WHAT YOU ARE ASKED TO DO: Copy out all of the lines below exactly; the pictures do not belong in the copy.

RAW DATA:
☆ ☆ ☆ ☆ ☆ ☆ ☆

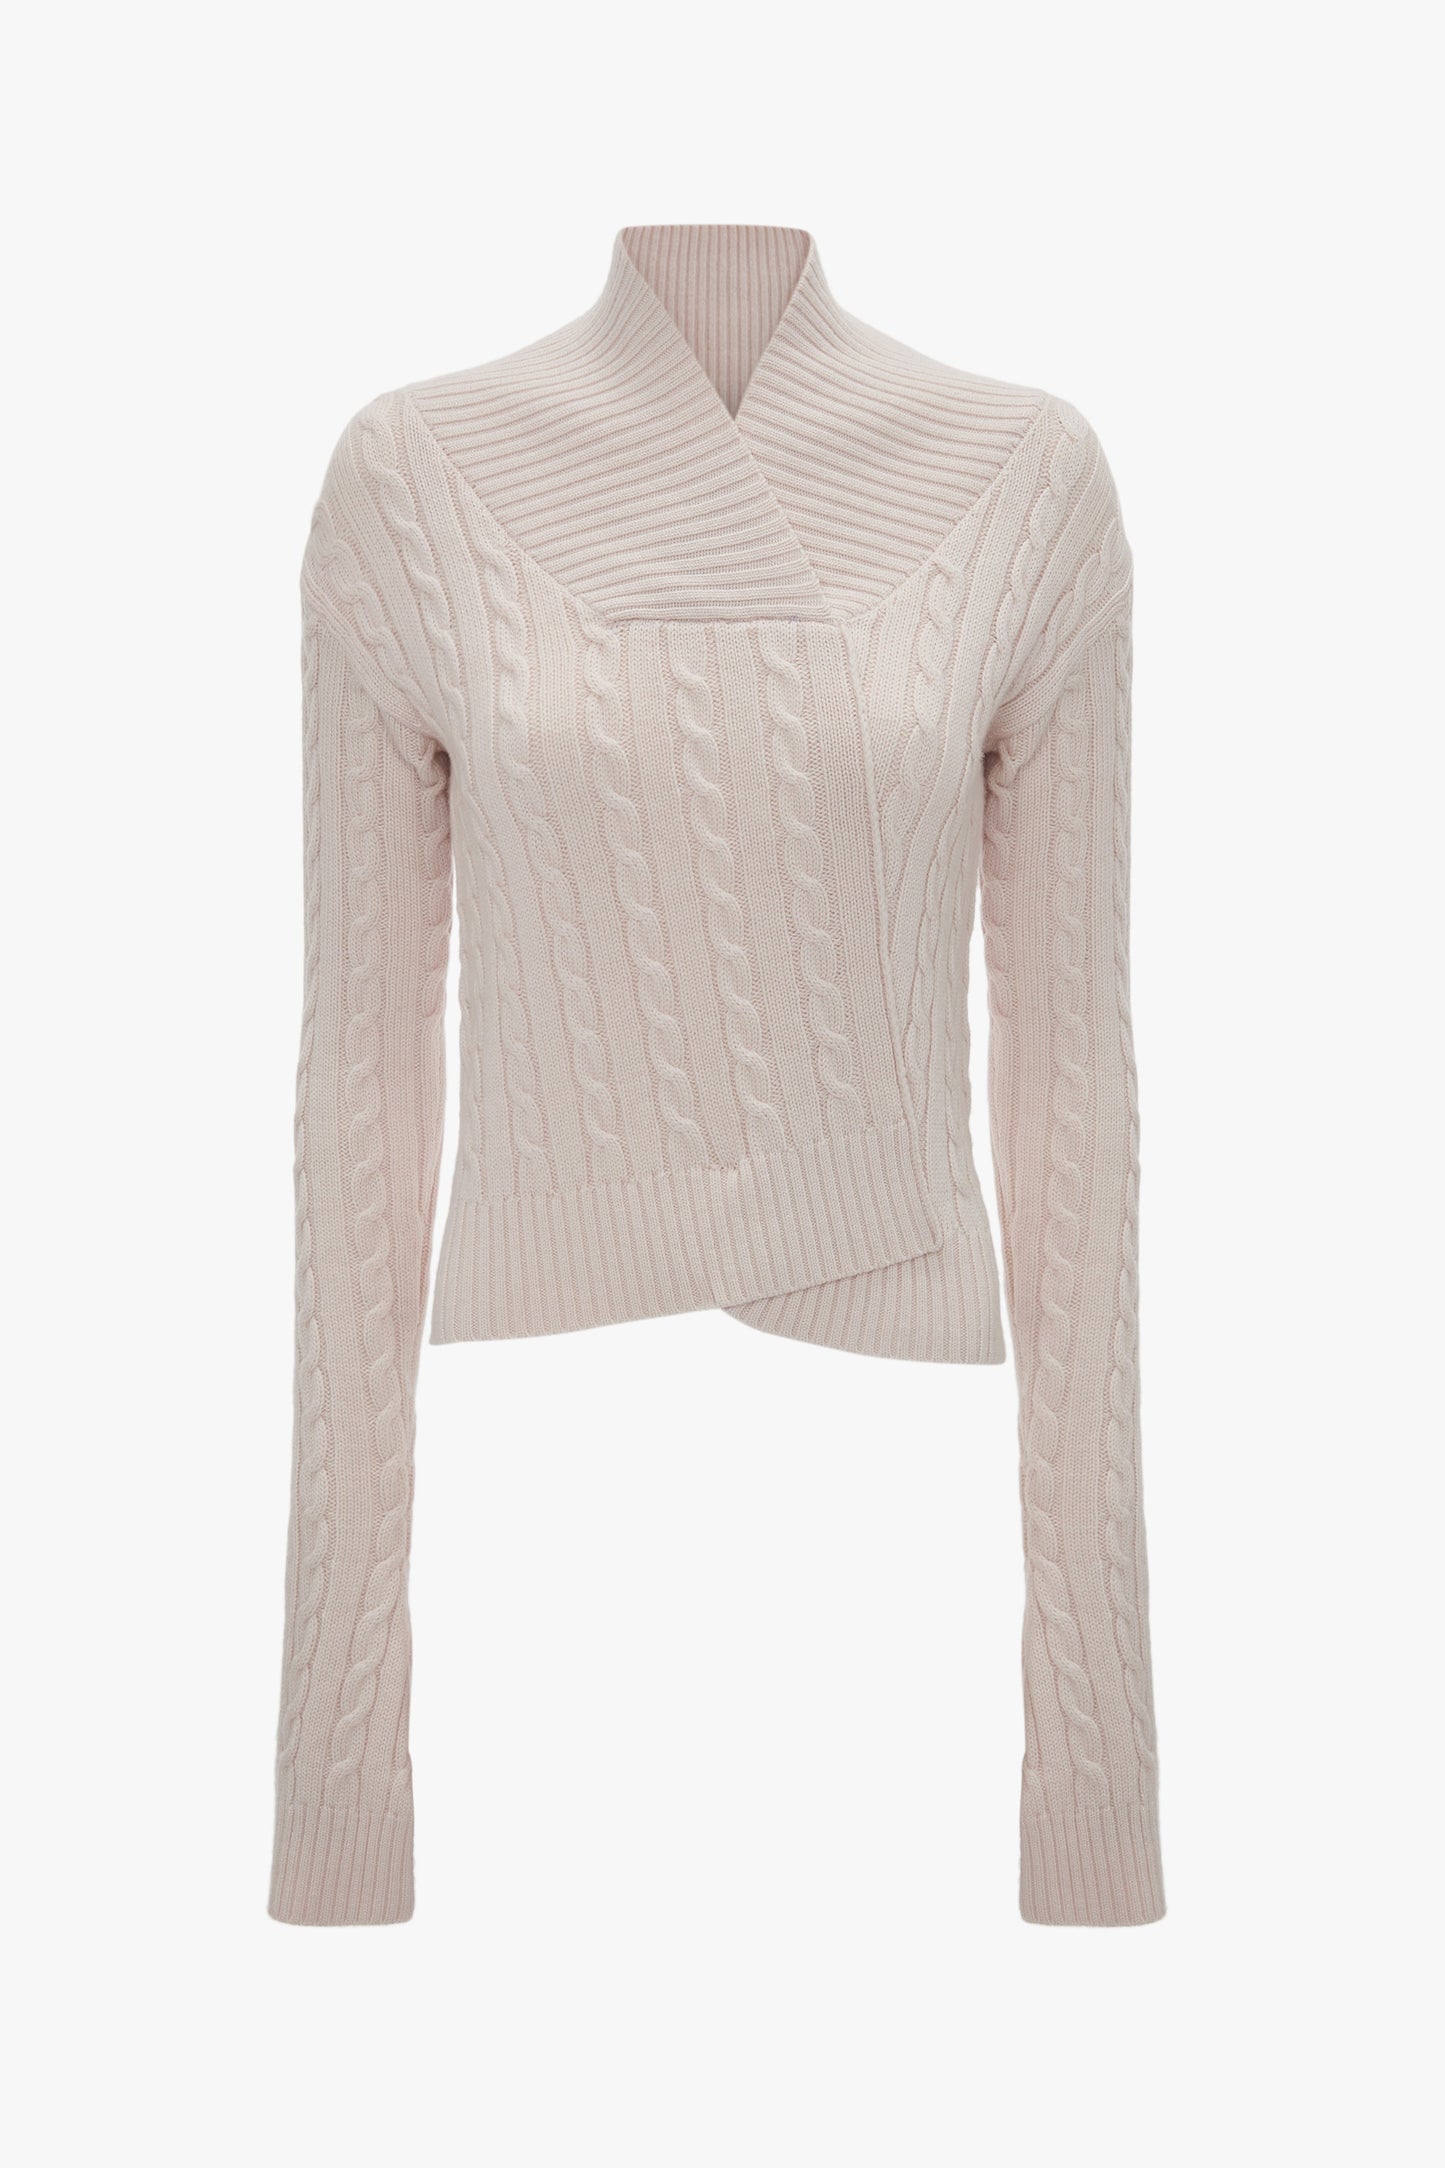 A light pink, long-sleeved, cable-knit sweater crafted from luxury merino wool with a wrap-over front and ribbed cuffs and hem from Victoria Beckham called the Wrap Detail Jumper In Bone.
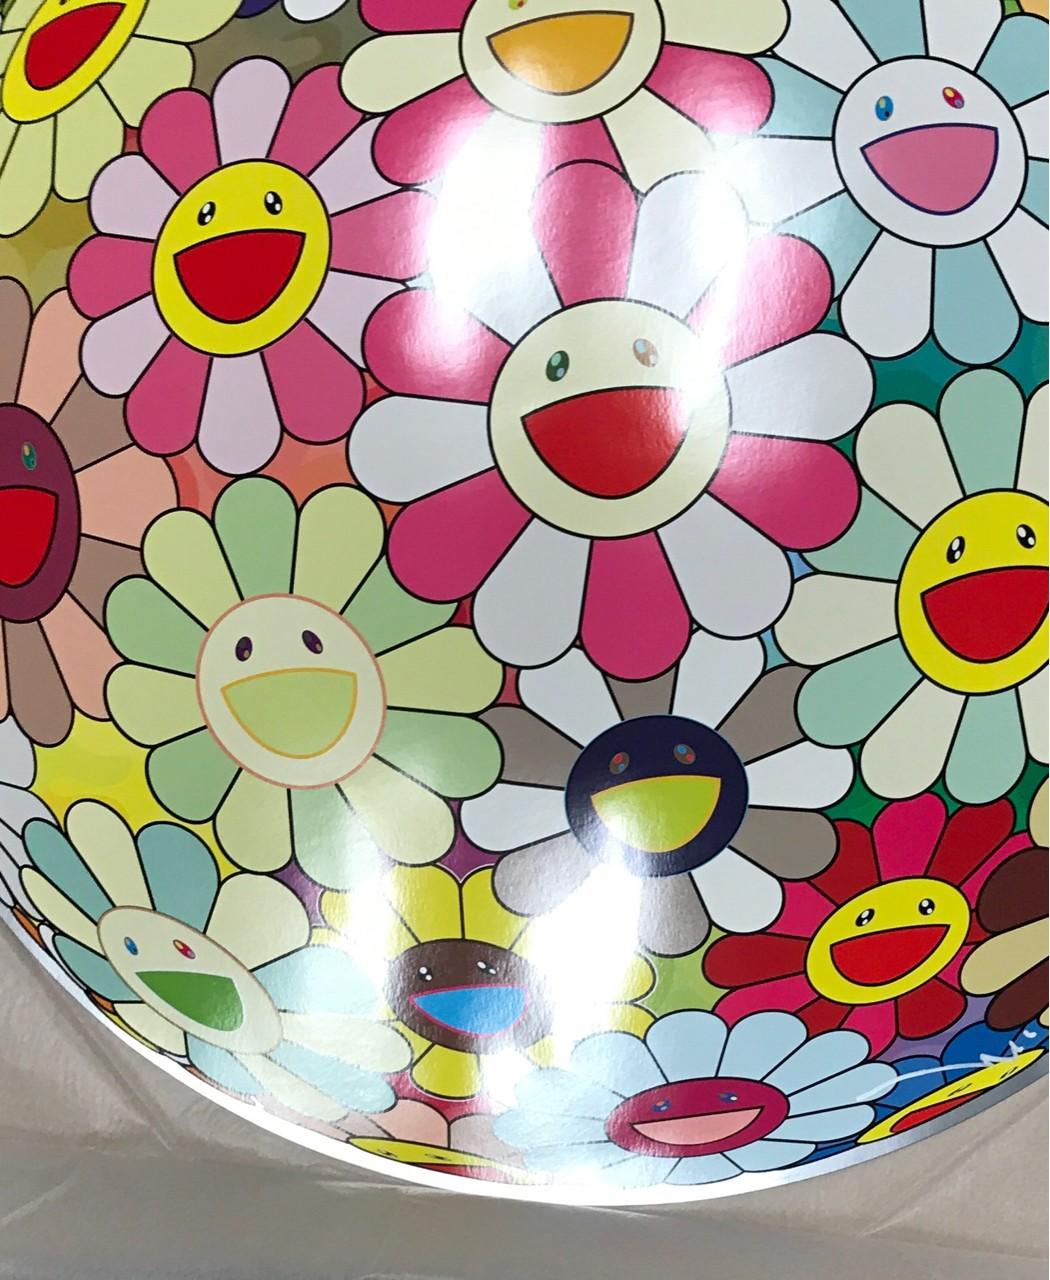 Flowerball Margareth (3D). Limited edition (print) by Murakami signed, numbered - Pop Art Print by Takashi Murakami
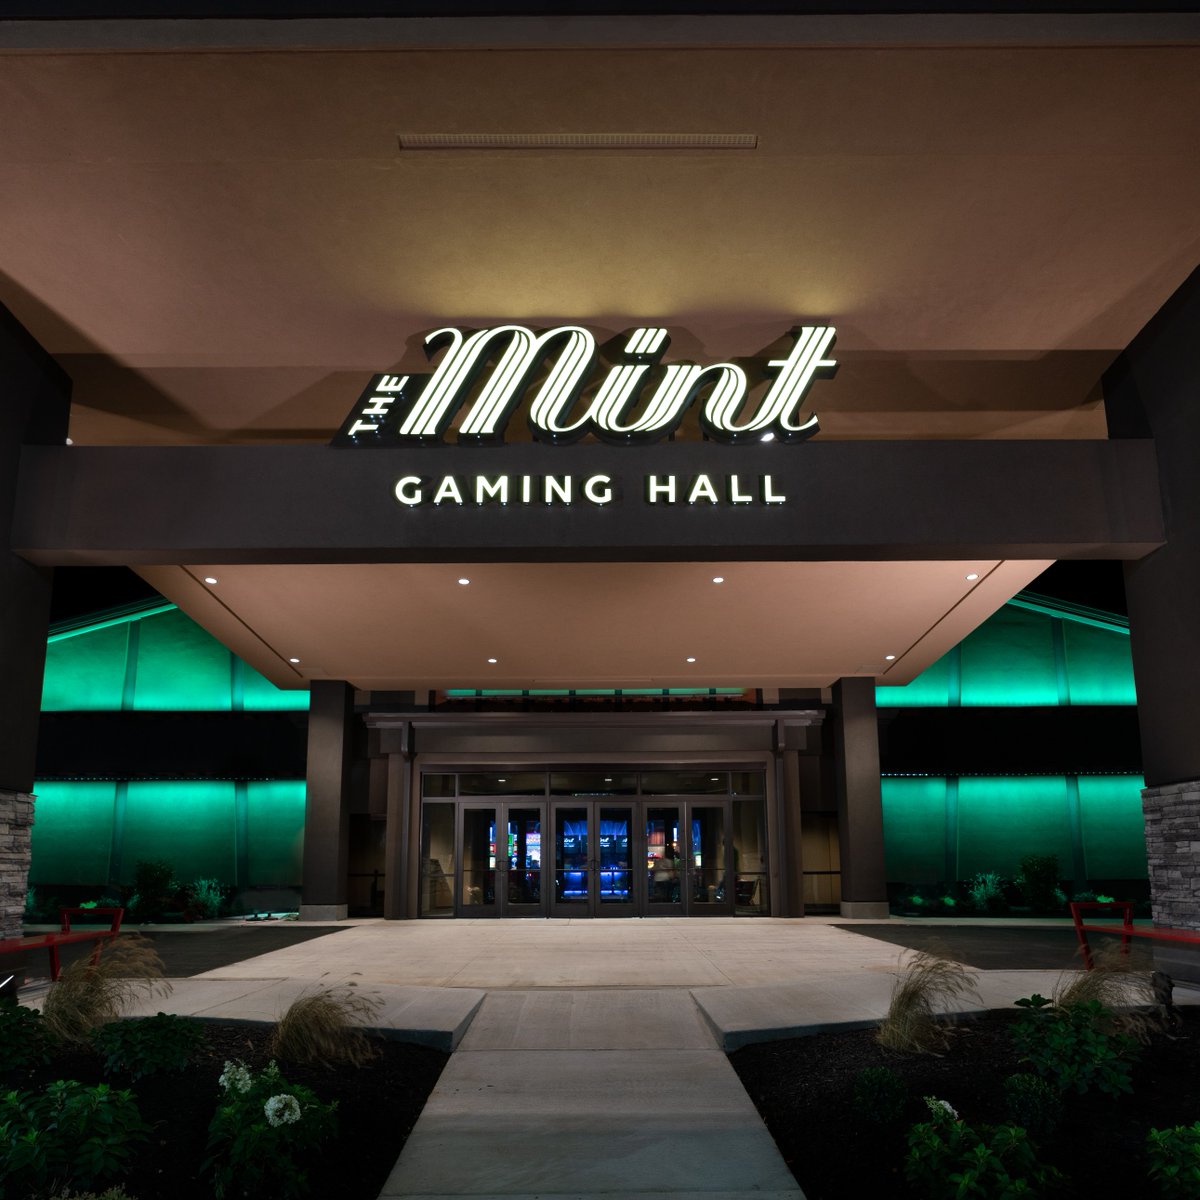 Feeling lucky? Stop by The Mint and play to win your own pot of gold! 💰 ☘️ #themint #kentuckygaming #kentuckylife

☆ ☆ ☆ ☆ ☆ ☆ ☆

ANSWER TO THE PROBLEM:
 A light pink, long-sleeved, cable-knit sweater crafted from luxury merino wool with a wrap-over front and ribbed cuffs and hem from Victoria Beckham called the Wrap Detail Jumper In Bone.
 Flowerball Margareth (3D). Limited edition (print) by Murakami signed, numbered - Pop Art Print by Takashi Murakami
 Feeling lucky? Stop by The Mint and play to win your own pot of gold! 💰 ☘️ #themint #kentuckygaming #kentuckylife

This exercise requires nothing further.